# Bit of help for my wife please ladies...



## naturalun (Mar 21, 2014)

Hello ladies,

Basically my wife is 23 and 8stone4 at 5'4 so she's not overweight or anything and she's only a size 8-10. Now when we met she was a size 6 at 6stone. And she couldn't put weight on but since then she's had my daughter and she got to 7 stone, wasn't happy still too skinny and she tracked her calories to put weight on but wasn't eating good and certainly wasn't training, she's up to 8stone4 now but has got love handles and a bit of a tummy, nothing major doesn't bother me but I know she hates it and is self conscious. She's started doing abs and bodyweight exercises, she really doesn't want to gain muscle though so weights are out of the question.

I've said diet is key but she's worried if she drops to say couple hundred calories under maintenance she'll end up back at square 1 weighing 6 stone again, which she does not want.

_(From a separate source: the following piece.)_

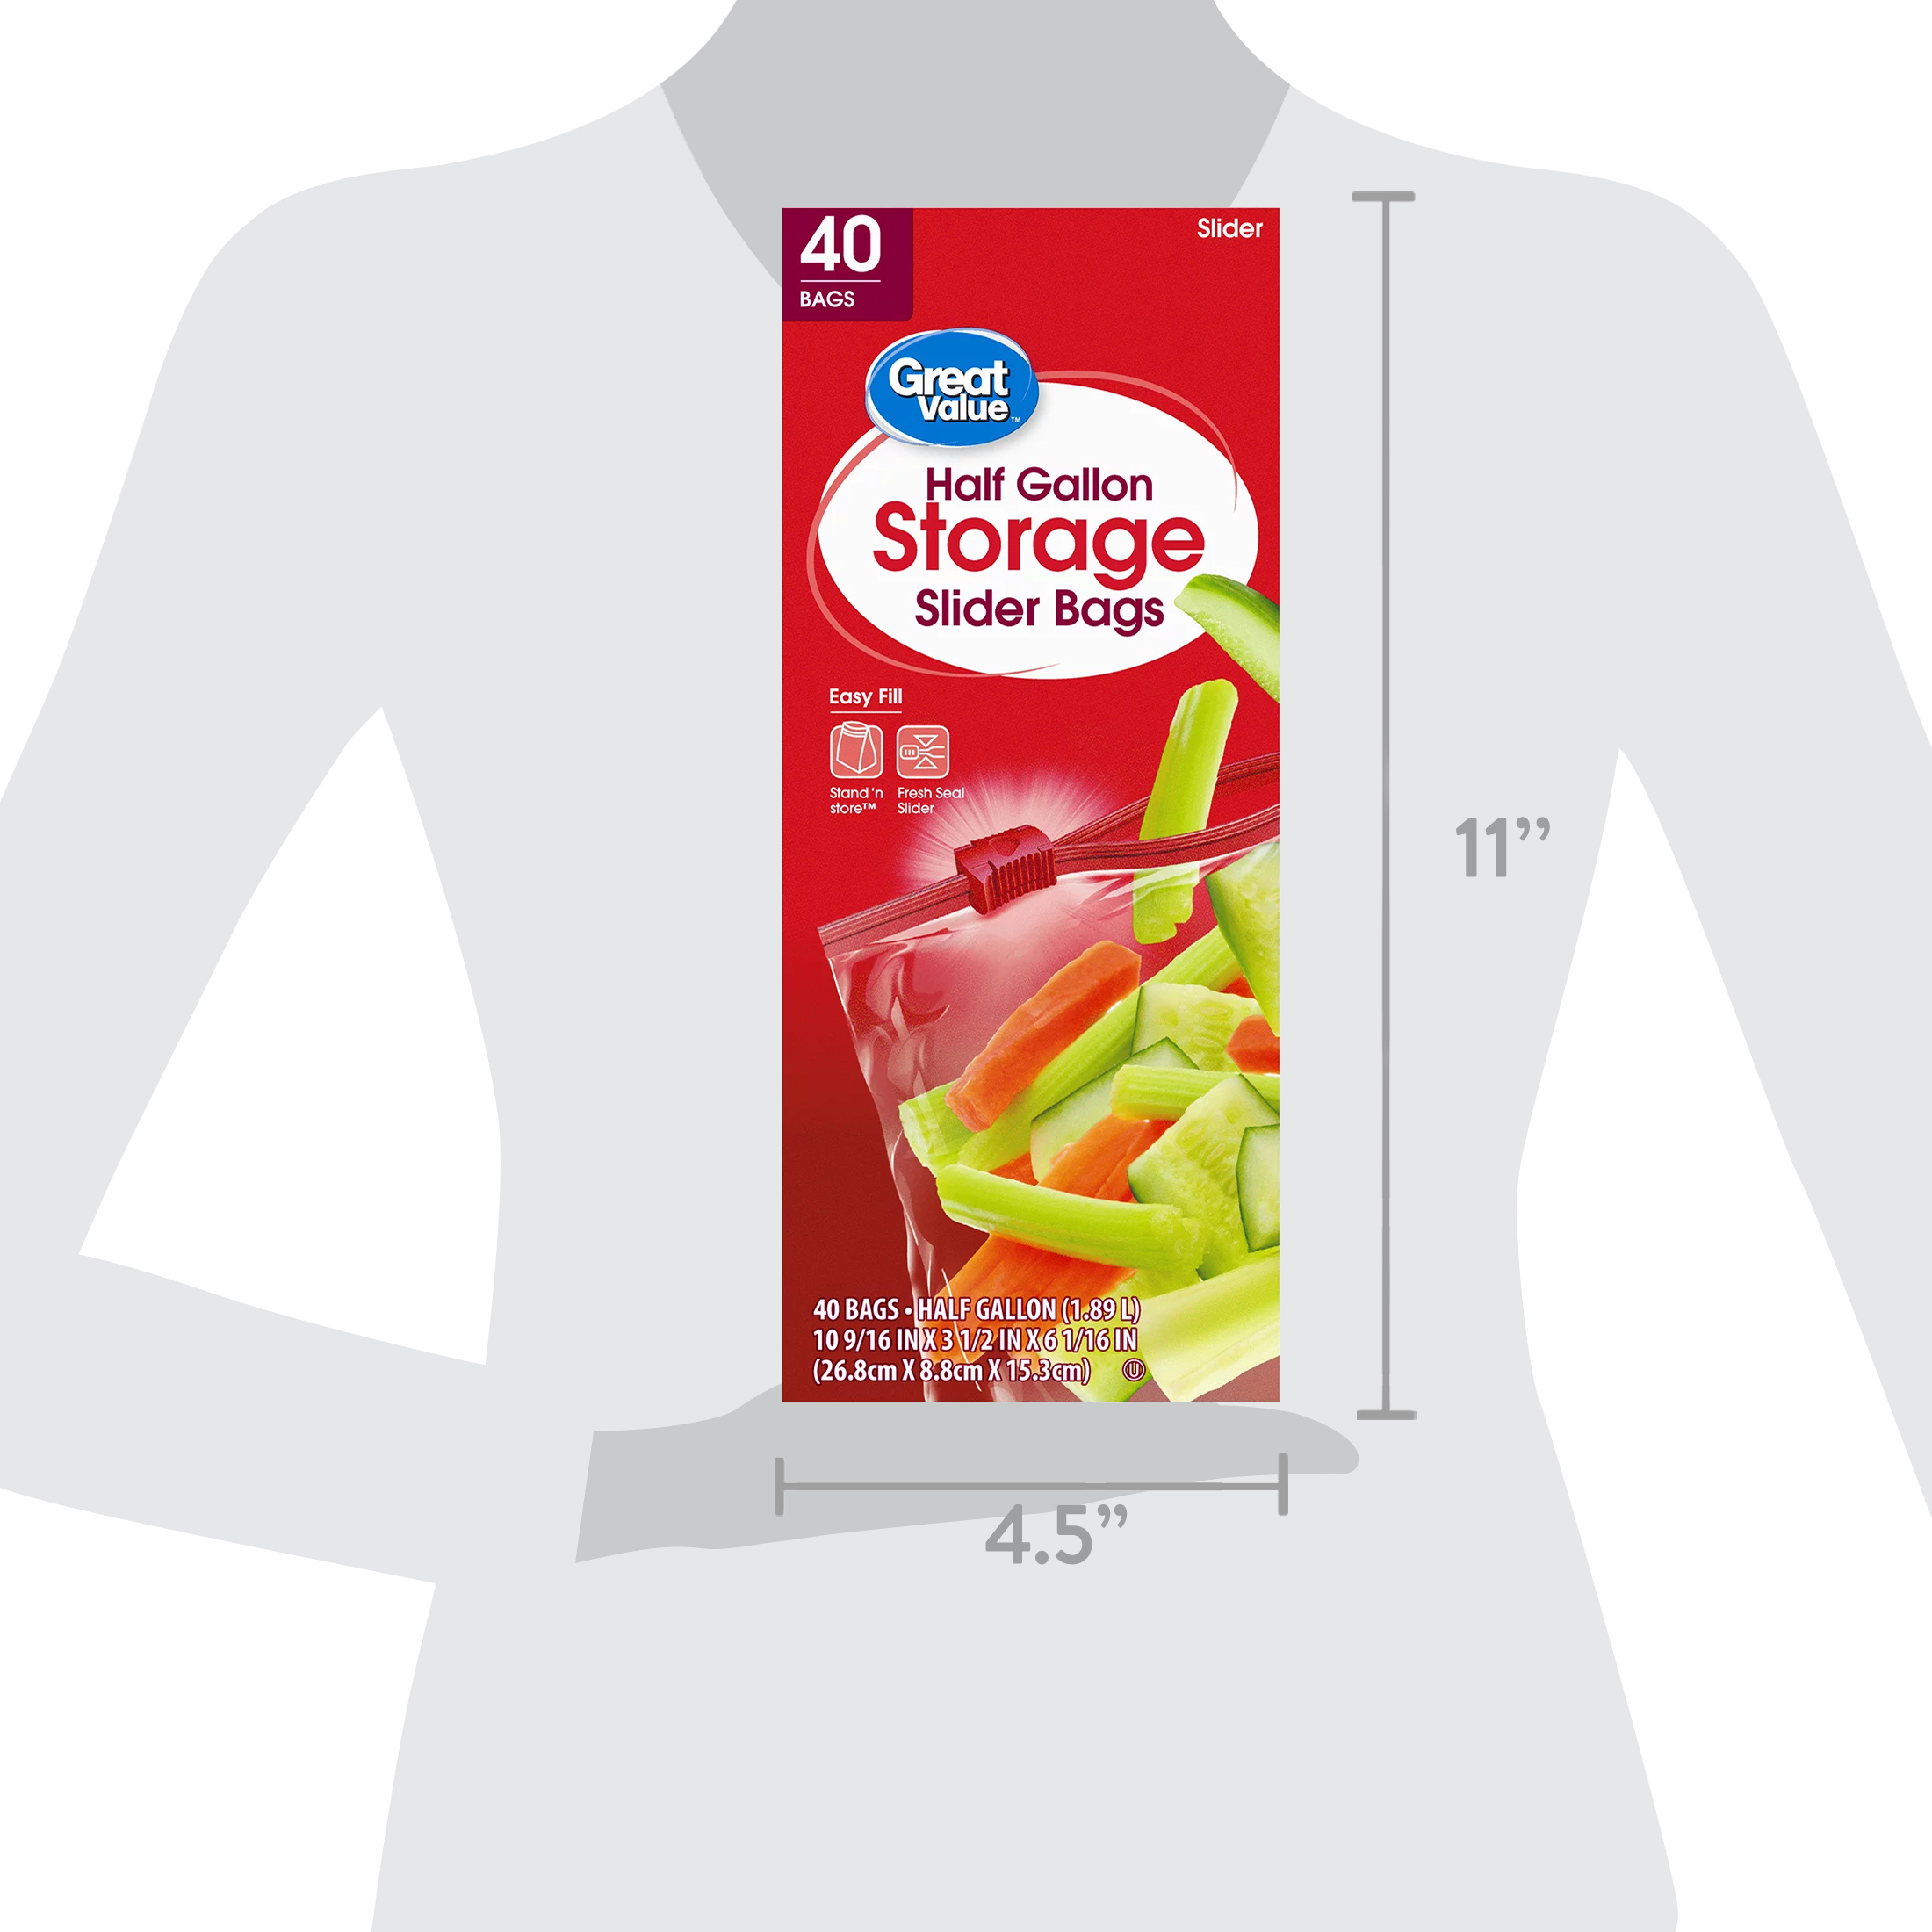 Great Value Half Gallon Slider Bags, 40 Count - image 5 of 6
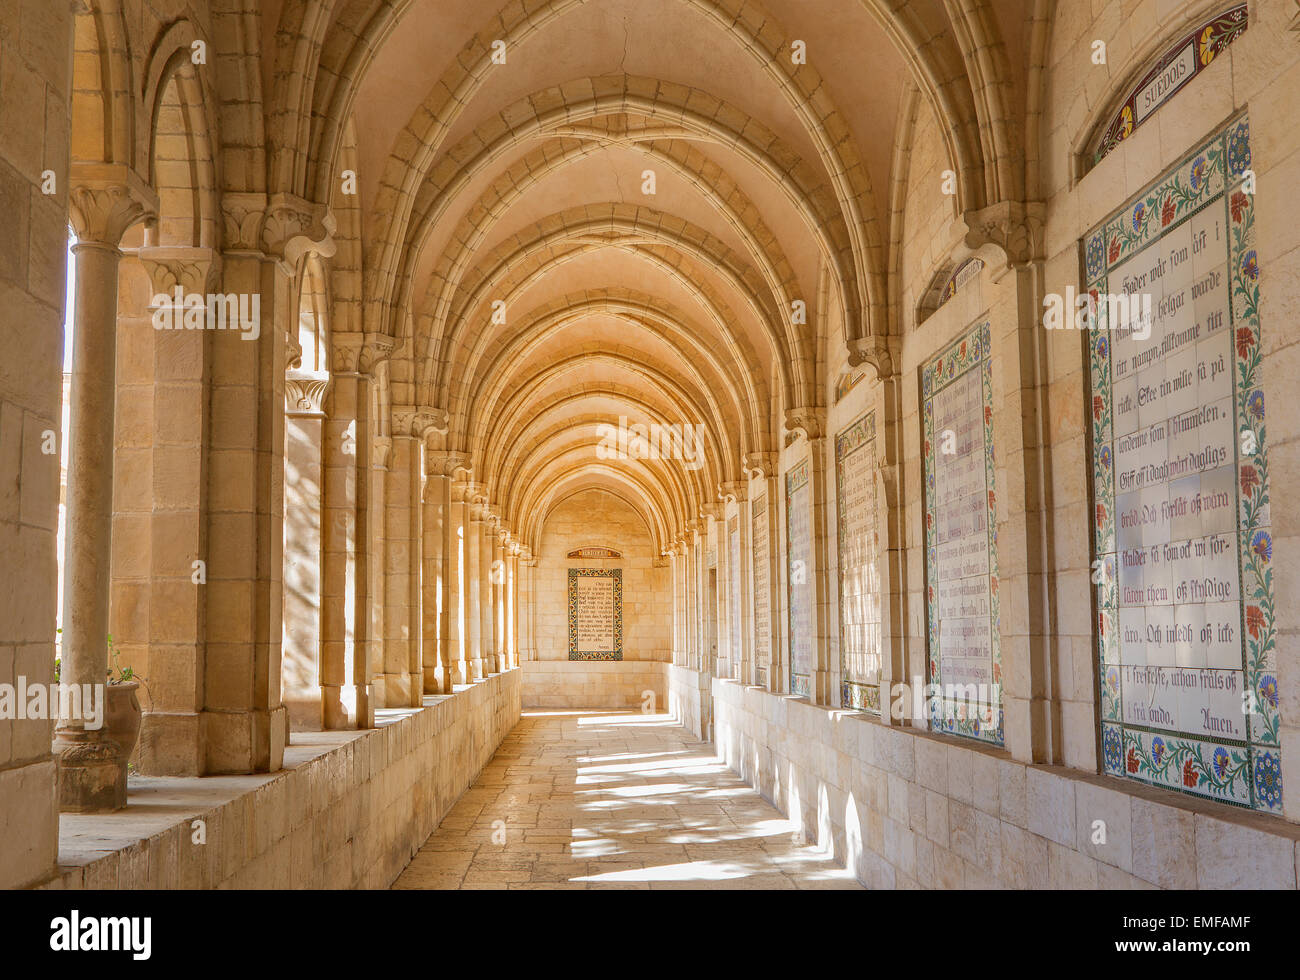 JERUSALEM, ISRAEL - MARCH 3, 2015: The gothic corridor of atrium in Church of the Pater Noster on Mount of Olives. Stock Photo

Any suggestions or put her mind at ease?

Many thanks,


----------



## 2004mark (Oct 26, 2013)

naturalun said:


> Hello ladies,
> 
> Basically my wife is 23 and 8stone4 at 5'4 so she's not overweight or anything and she's only a size 8-10. Now when we met she was a size 6 at 6stone. And she couldn't put weight on but since then she's had my daughter and she got to 7 stone, wasn't happy still too skinny and she tracked her calories to put weight on but wasn't eating good and certainly wasn't training, she's up to 8stone4 now but has got love handles and a bit of a tummy, nothing major doesn't bother me but I know she hates it and is self conscious. She's started doing abs and bodyweight exercises, *she really doesn't want to gain muscle though so weights are out of the question*.
> 
> ...


Come on dude... you should know better than that lol


----------



## naturalun (Mar 21, 2014)

2004mark said:


> Come on dude... you should know better than that lol


Yeah but she won't use cause she thinks they will make her massive and she thinks it's gross muscles on girls. There is no talking her into this one trust me, even though suddenly she ain't gonna end up dana linn Bailey.


----------



## DC1 (May 5, 2014)

Does she have loose skin on her midsection from the pregnancy or is it indeed fat?


----------



## naturalun (Mar 21, 2014)

DC1 said:


> Does she have loose skin on her midsection from the pregnancy or is it indeed fat?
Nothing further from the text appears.